Supreme Court upholds Trump rules allowing more employers to deny contraceptive coverage | Law


The United States Supreme Court has confirmed a wide expansion by the Trump administration of the employers’ group that may use religious objections to deny women’s insurance coverage for contraception.

The ruling, which reversed a lower court decision, could deprive up to 125,000 women of contraceptive coverage, Judge Sonia Sotomayor warned during oral arguments in the case in May.

Judge Clarence Thomas wrote an opinion for the 7-2 majority dismissing a lower court decision that the Trump administration did not have the authority to issue such a broad order. “This decision,” wrote Thomas, “was wrong.

“We contend that the Departments had the authority to provide exemptions from the statutory contraceptive requirements for employers with religious and conscientious objections,” wrote Thomas.

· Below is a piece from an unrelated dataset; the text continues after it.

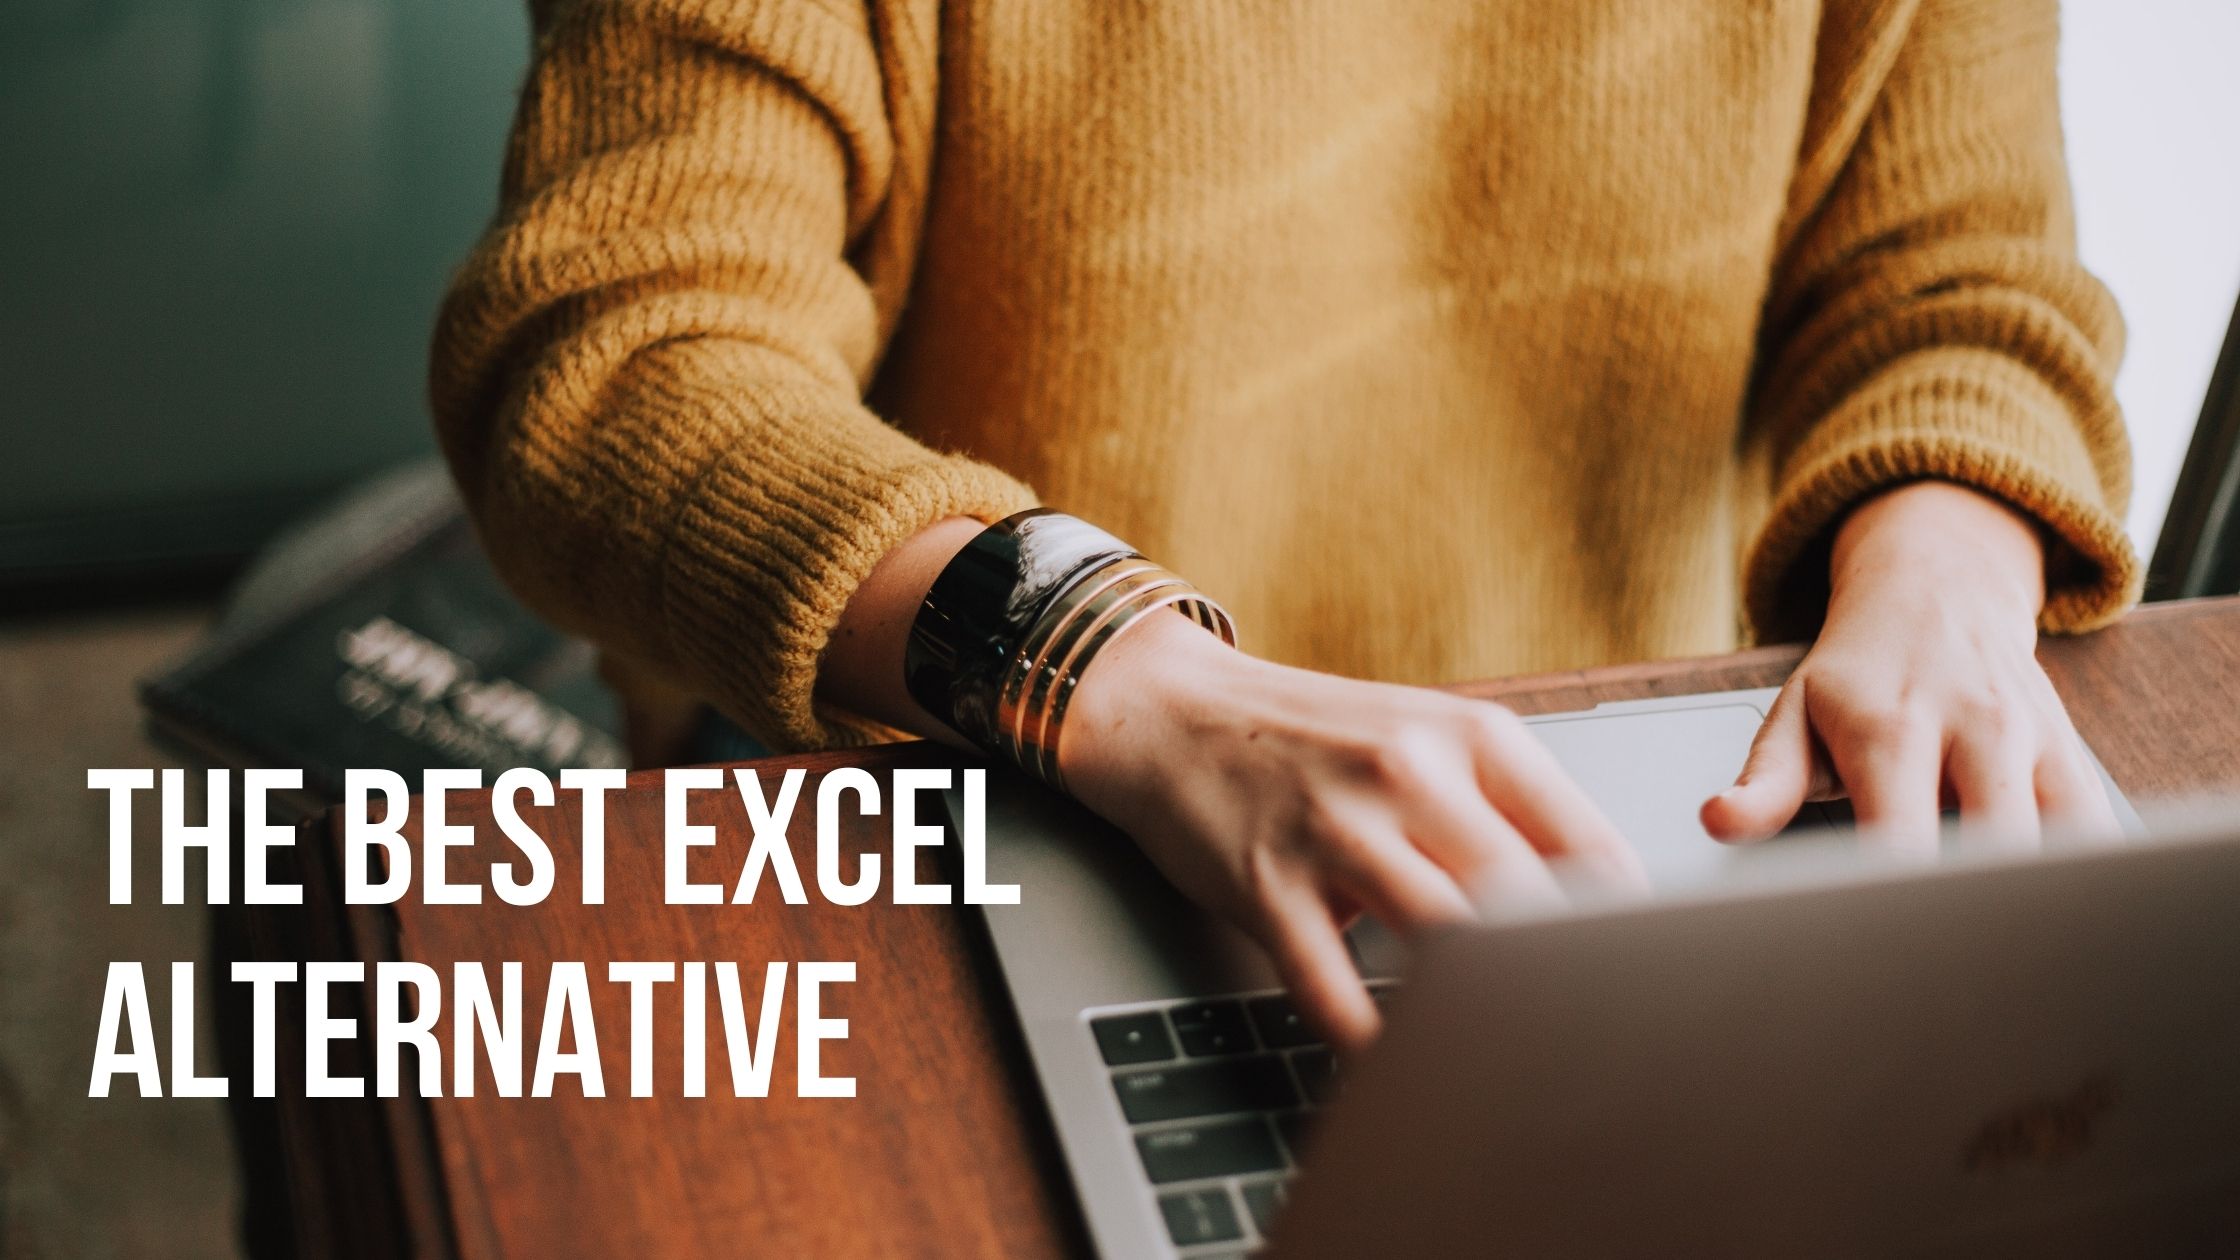 The Best Excel Alternative?

The Affordable Care Act, passed by Barack Obama, required employers to cover “preventive care,” a category that includes certain types of contraception, free of charge, allowing some exemptions for churches and religious groups. .

Family-run corporations with religious objections to cover the costs of contraception obtained the exemption from the law in a subsequent high-profile Supreme Court decision, Burwell v Hobby Lobby (2014).

But soon after Trump took office, his administration issued much broader new exemptions, which the states of Pennsylvania and New Jersey challenged in court.

Under Trump’s rules, any nonprofit employer or any for-profit employer in a non-public company could claim a conscientious objection and be exempt from offering plans that include contraception coverage.

Government attorneys in the case, Little Sisters of the Poor v Pennsylvania, argued that no employer who had no good faith moral objections to contraception would seek to take advantage of the exemption, because health insurance plans that include contraceptive coverage cost no more than other plans.

But states argued that the executive branch did not have the power to issue such a broad order. The current case did not delve significantly into the underlying constitutional problems linked to the first amendment and the demands for equal protection in so-called “religious freedom” cases.

Along with other important decisions in this court period, the religious exemption case offered insight into how a new conservative majority in court, installed under Trump, could shape public life in the coming decades.

During oral arguments in the case, Judge Ruth Bader Ginsburg criticized the government for emptying the expansion of women’s healthcare under the Affordable Care Act.

“The dazzling feature of what the government has done in expanding this waiver is to completely blow away the instruction from Congress that women need and will have comprehensive, transparent and cost-free coverage,” said Ginsburg.

The Trump administration was “shifting the employer’s religious beliefs, the cost of that, to employees who don’t share these religious beliefs,” Ginsburg said.

Lawyers for the Trump administration argued that it made sense for exemptions extended to churches under the law to be further expanded.

Judges in the liberal wing of the court reiterated the argument about the plight of women who would lose insurance coverage as a result of the exemption.

“In your calculation, what you haven’t considered or told me is the effect on women who now have to go out, as Judge Ginsburg said, and seek contraceptive coverage if they cannot afford it in person,” Sotomayor said during the oral consultation. Arguments “And what I ask myself is: if there is no substantial burden, how can the government justify an exemption that deprives these women of transparent coverage?”